Under this variant of secular humanism, the irrational pole, civilization was the rational, the structured, the ordered, the controlled and restrained. But it was paper thin. Underneath were irrational, chaotic, primitive, infantile and arbitrary forces, and a
seething mass of instincts and drive that . . . was capable of a terrible aggression and an urge to morbid self-destruction. . . . (T)his paradigm . . . only served to illuminate what many people already suspected, that beneath the thin veneer of civilization there lurked a monstrous other self whose release would spell the end of civilized life and the triumph of barbarism. (Overy, p. 173).
In the end the Freudians, despite the wide public appeal and interest, could offer no hope. In their case, no amount of government planning, spending, or programming would ever be great enough to win. But the irrationalism of psychoanalysis added fresh impetus to the pessimism of the rationalists: not only was doom coming; it was inevitable and unavoidable, for man could not escape his unconscious, repressed, evil and brutal self. It served only to pour petrol on the fires of despair, which had been already burning brightly.
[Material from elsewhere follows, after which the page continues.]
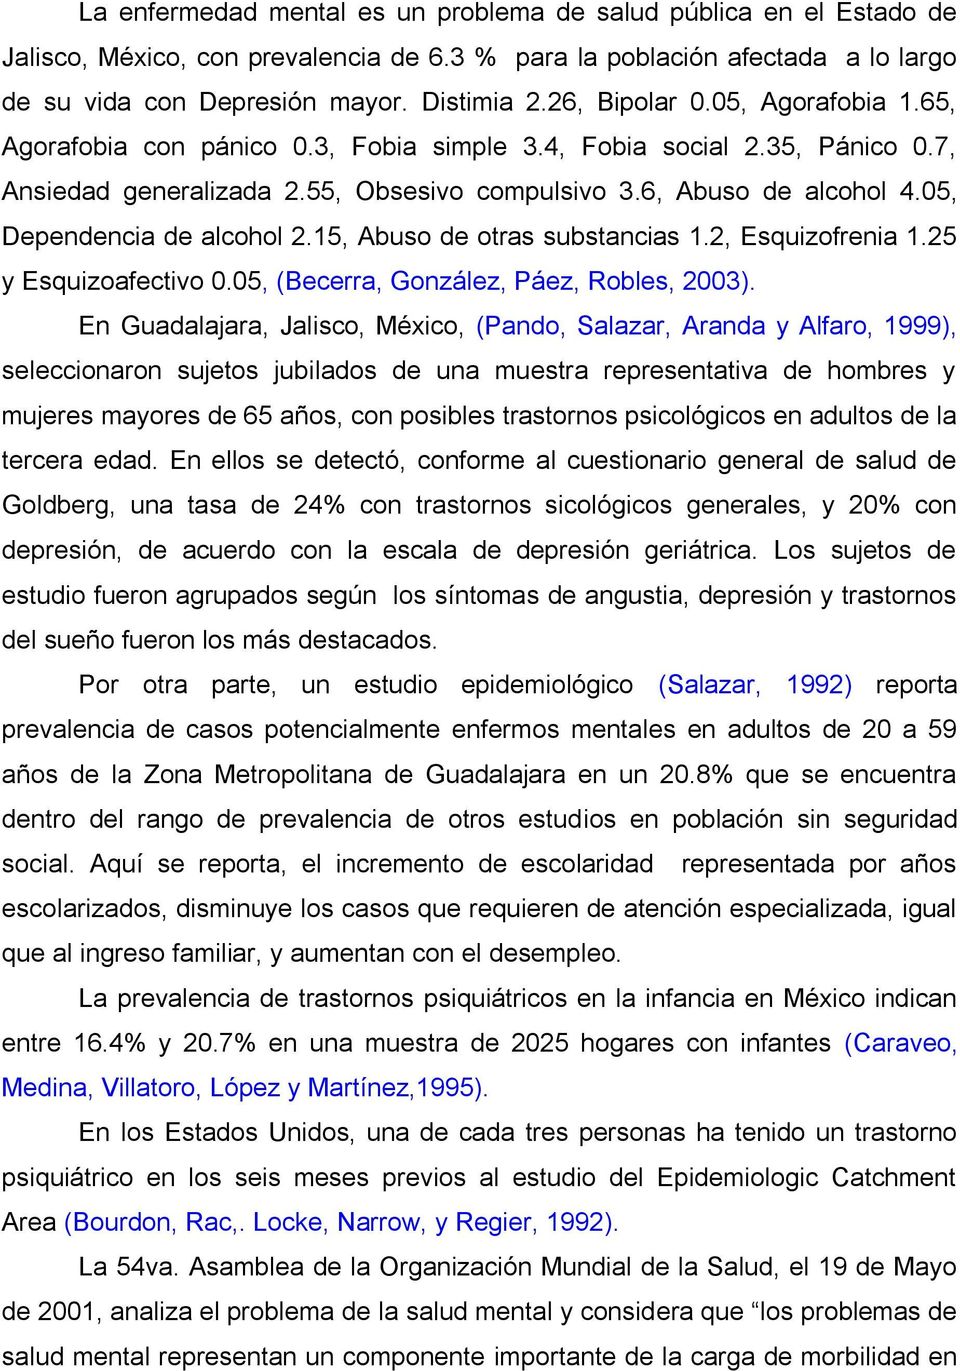 05, Dependencia de alcohol 2.15, Abuso de otras substancias 1.2, Esquizofrenia 1.25 y Esquizoafectivo 0.05, (Becerra, González, Páez, Robles, 2003).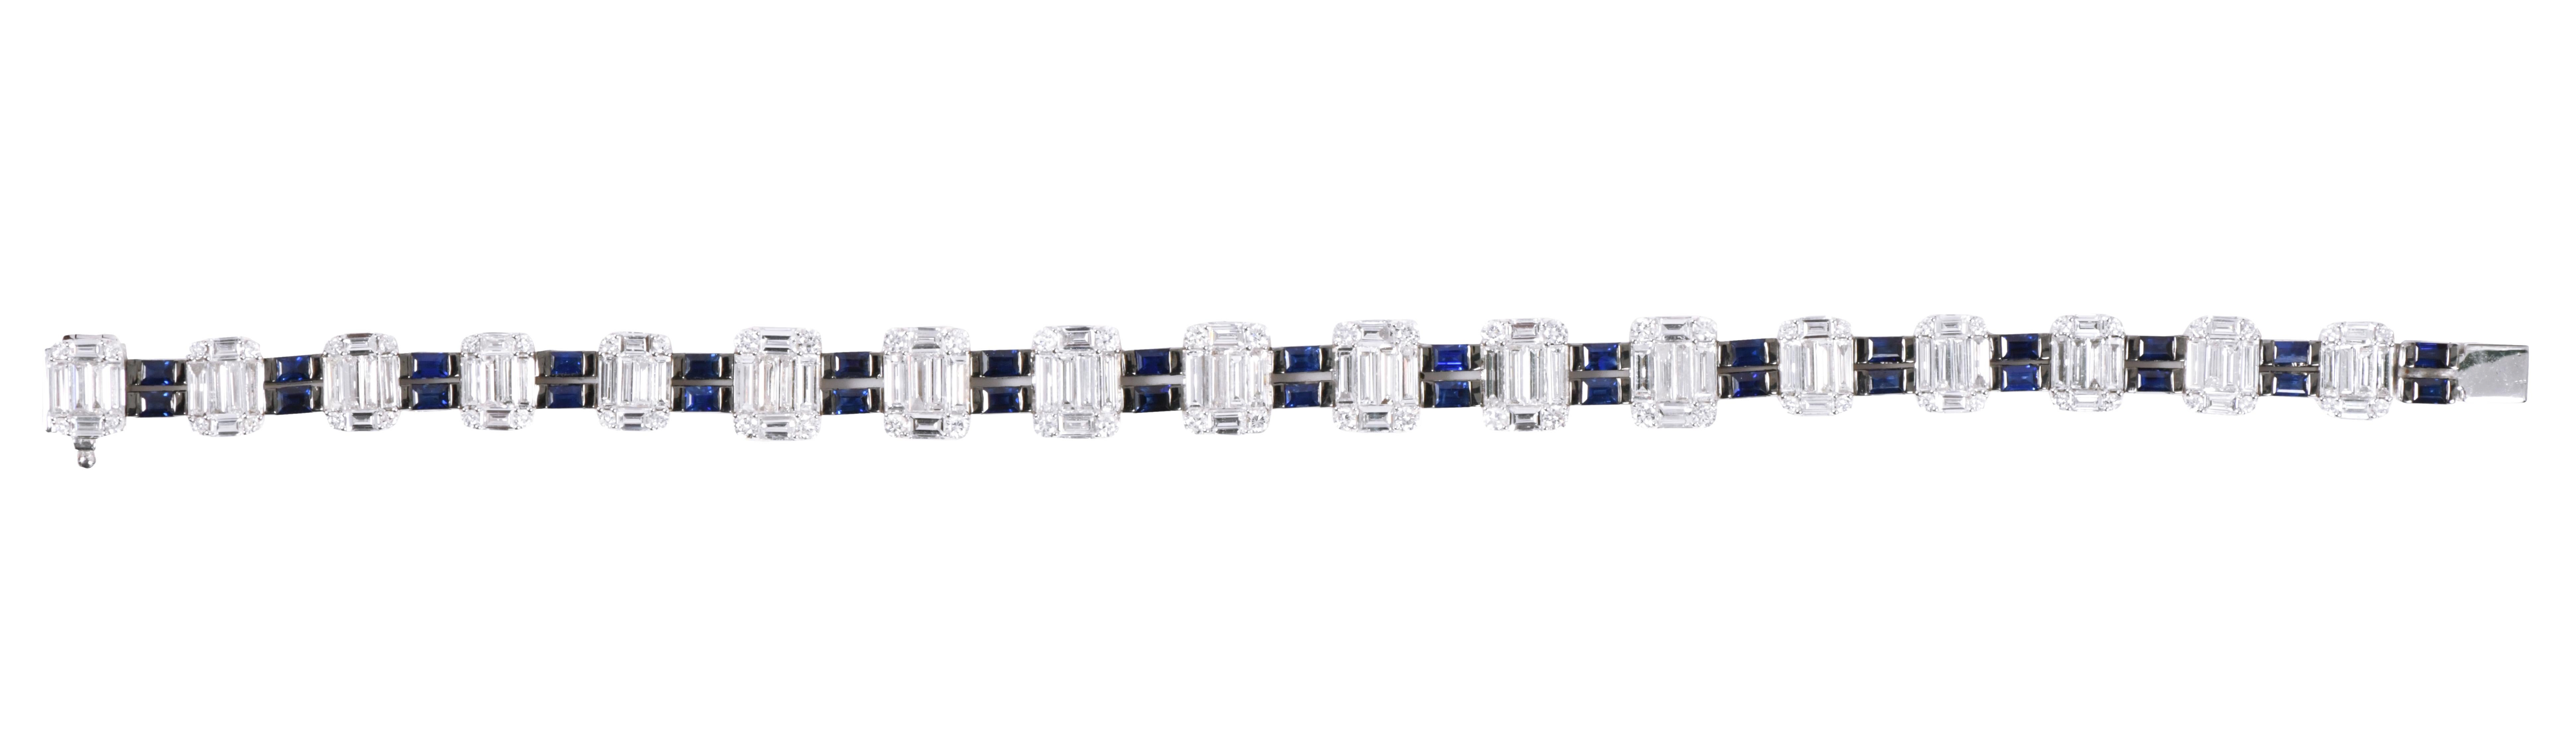 baguette diamond bracelet women's

In our modern day, of course, humanist psychology has swung back to its more rationalist pole. Generally evil, violent, masochistic or destructive human passions are believed to be a result of conditioning by society itself. This offers the prospect that such dark forces can be ameliorated by social planning, government programmes, and above all, by government education. Once again, we labour under the fallacy of false cause, and therefore false cures. When the remedy proves a failure, the appeal of darker, more pessimistic alternatives is likely to rise once again.